I would choose option 2 with slight modification. Column parent_id in tweets table should point to itself if it is not a retweet. Then, the querying will be extremely easy:

SELECT tm.Id, tm.UserId, tc.Text, tm.Created, 
    CASE WHEN tm.Id <> tc .Id THEN tm.UserId ELSE NULL END AS OriginalAsker
FROM tweet tm
LEFT JOIN tweet tc ON tm.ParentId = tc.Id
ORDER BY tm.Created DESC

(tc is parent table - the one with content.. it has tweet's text, original poster's Id, etc.)

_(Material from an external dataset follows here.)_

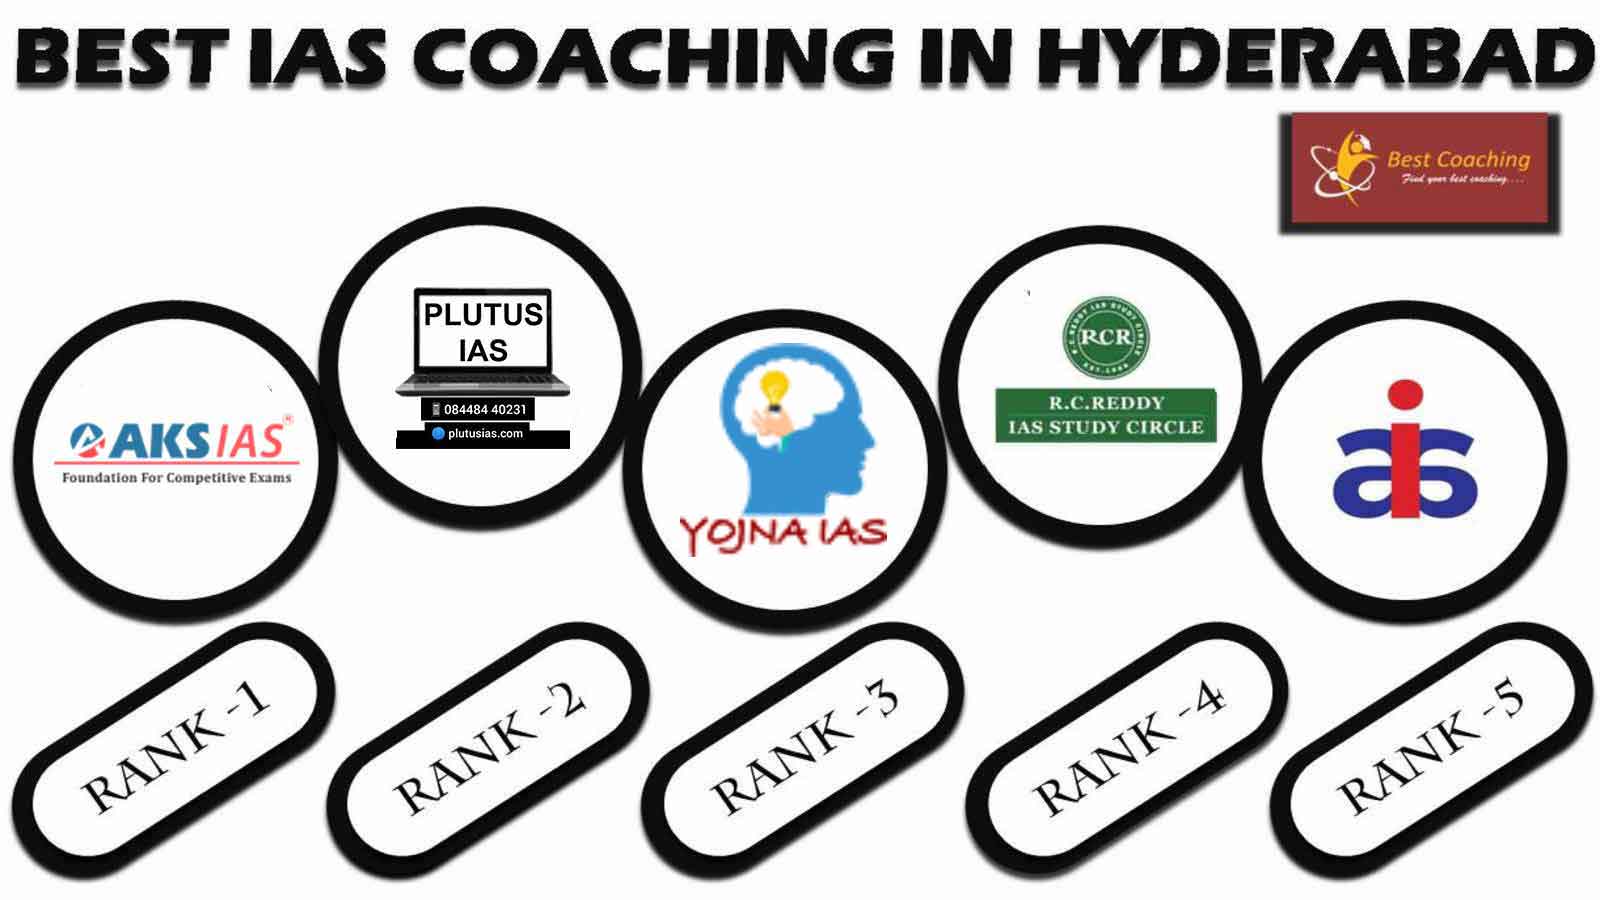 Top IAS Coaching in Hyderabad 2022

The reason for introducing rule about pointing to itself if not retweet is that then it is easy to add more joins to original tweet. You just join a table with tc and don't care if it is retweet or not.

Not only the query is easy, but it will also perform much better than option 1, because sorting is done using only one physical column, which can be indexed.

The only drawback is that the DB will be a little bit larger.